The Red Lotus
Page 2
Once again, she made a list in her mind of all the innocuous possibilities for Austin’s absence. There were the villages along the route, and there were the little places on the flats on the north side of the mountain where the fishermen would get their provisions and the small snack shacks on the southern slope where tourists would stop to gaze out from their plastic chairs at the sea. Maybe he’d pulled over for noodles or steamed rice cakes or even a can of the Tiger beer that he loved, and he’d forgotten his phone on a little round wooden picnic table at the restaurant. Or his phone had run out of power. Or the cell coverage on the switchbacks was worse than they knew. Or he’d thought he’d sent her a text and forgotten to press Send. Certainly, she’d done that in her life, finding the text in its bubble, unsent, hours later or even the next morning. In this scenario, his phone was sitting in the left kidney pocket of his cycling jersey, and he had accidentally put the device on mute. (The scar from where the bullet had struck his arm was right around the hem of the short sleeve of most of his bike shirts.)
But no matter how many scenarios she crafted in her mind, the bottom line was that he was still late.
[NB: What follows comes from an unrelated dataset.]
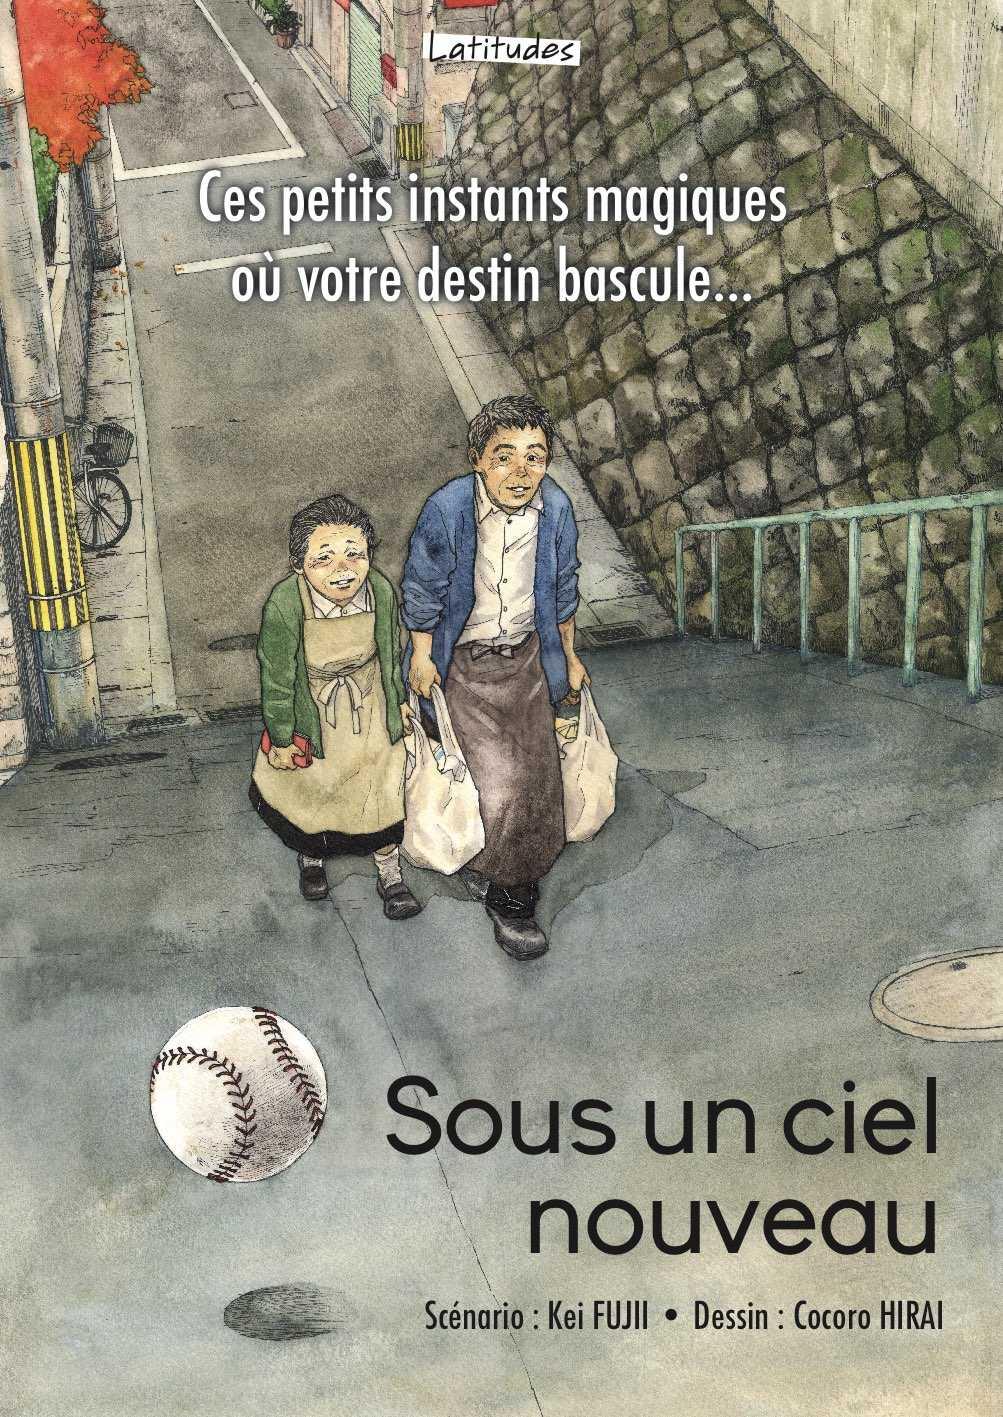 Prix Asie de la Critique ACBD 2018 à Sous un ciel nouveau de Kei Fujii et Cocoro Hirai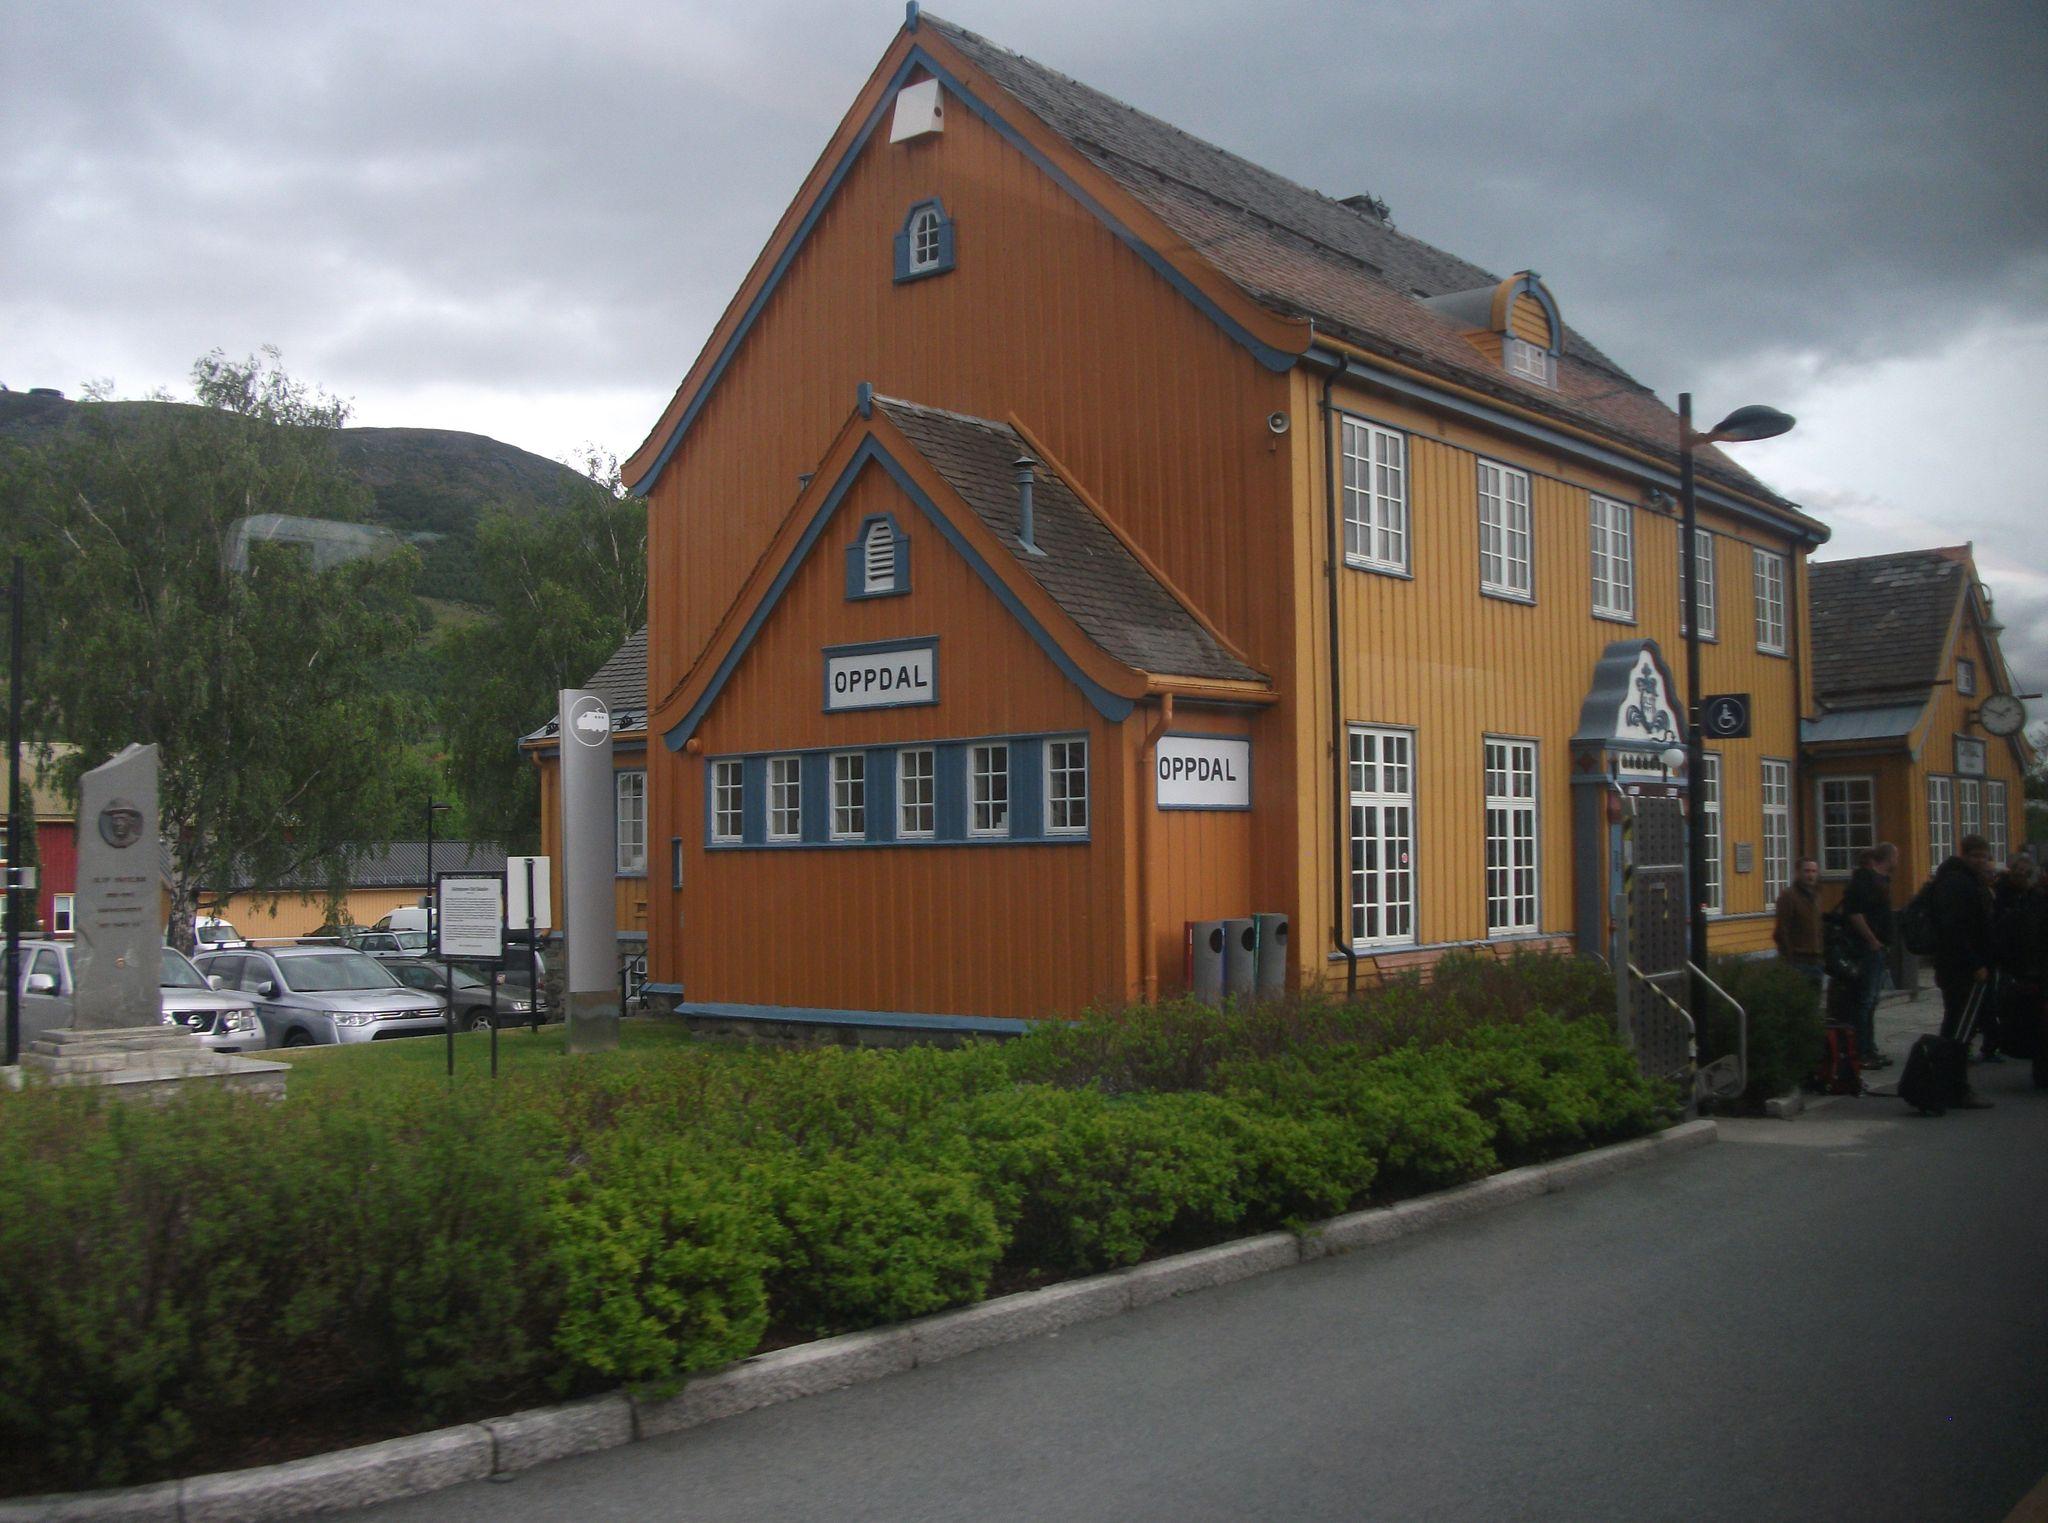 Oppdal (Norvège)

He spoke enough Vietnamese to ask directions on the street and order dinner in a restaurant—though the waitstaff had spoken English at every spot they had dined as a group on the bike tour—and when he’d had a tailor make him a suit in Hoi An, he had started to speak to the tailor and his two young female assistants in Vietnamese, but it was clear early on that they were being polite and indulging him. They saw so many Western tourists that they spoke a little German and French, as well as the King’s English, and soon they all stopped the charade and it was as if he were ordering a suit at a tony Manhattan department store. The same had occurred when he’d had her fitted for a black and silver cheongsam—this one cut so short it was like a chemise—the neck hole so tight it was like a dog collar. She couldn’t imagine in reality that she’d ever wear it as anything but foreplay. Both outfits were going to be delivered to the hotel that night.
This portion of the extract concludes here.